| name | pget |
| description | Parallel file download and optional tar extraction using the pget CLI (single URL or multifile manifest). Use when you need high‑throughput downloads from HTTP(S)/S3/GCS, want to split a large file into chunks for speed, or want to download and extract a .tar/.tar.gz in one step. |
Pget
Overview
Use pget for fast, parallel downloads and optional in‑memory tar extraction. Prefer it over curl/wget for large files or batch downloads.
Quick start
- Single file:
pget <url> <dest>
- Extract tar after download:
pget <url> <dest> -x
- Multi-file manifest:
pget multifile <manifest-path> (or - for stdin)
Tasks
1) Download a single large file quickly
- Choose destination path.
- Run:
pget <url> <dest>
- Tune if needed:
--concurrency <n> to change chunk parallelism
--chunk-size 125M (or other size)
--retries <n>
--force to overwrite
2) Download and extract a tar archive
Use when the URL points to a .tar, .tar.gz, or similar.
pget <url> <dest> -x
This extracts in‑memory without writing the tar to disk first.

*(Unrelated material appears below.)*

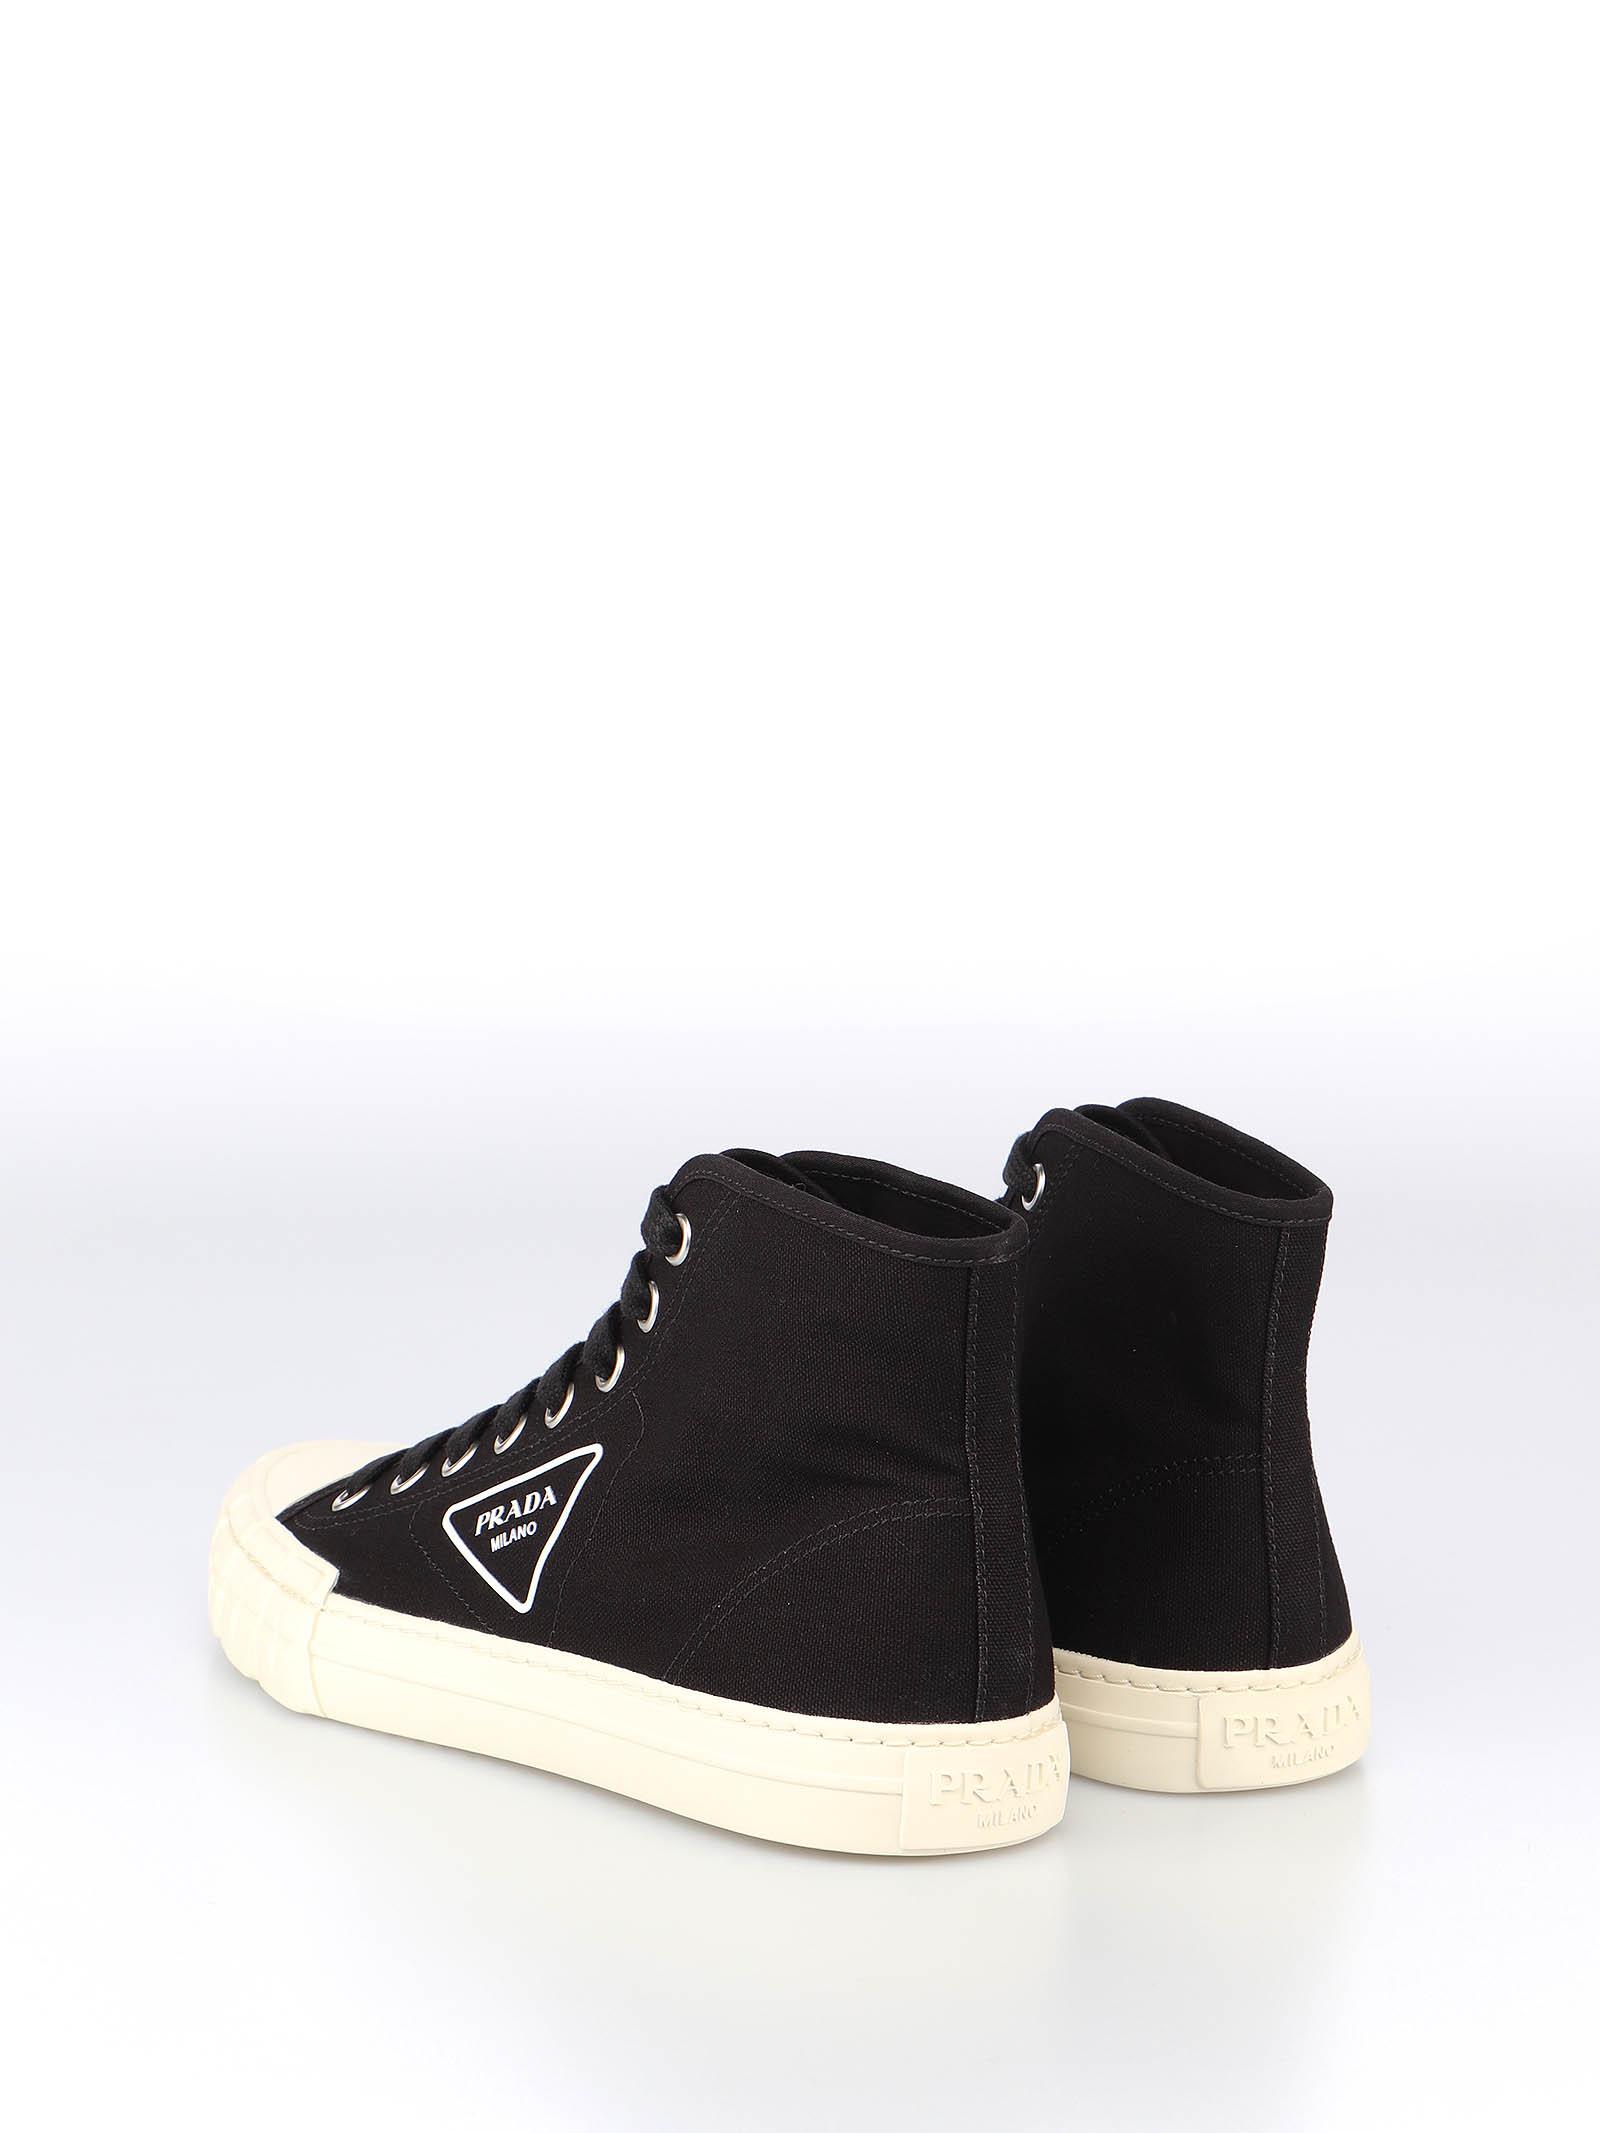 Picture of Prada | Wheel Vulcanizzato Tech Fabric High-Top Sneaker

3) Download many files with a manifest
- Create a manifest with
URL + space + DEST per line.
- Run:
pget multifile /path/to/manifest.txt
cat manifest.txt | pget multifile -
- Tune:
--max-concurrent-files <n>
--max-conn-per-host <n>
Notes & pitfalls
- Use
--force if the destination exists and you need overwrite.
--connect-timeout accepts duration (e.g., 10s).
--log-level debug or --verbose for troubleshooting.
References
- Load
references/pget.md for full option list and examples.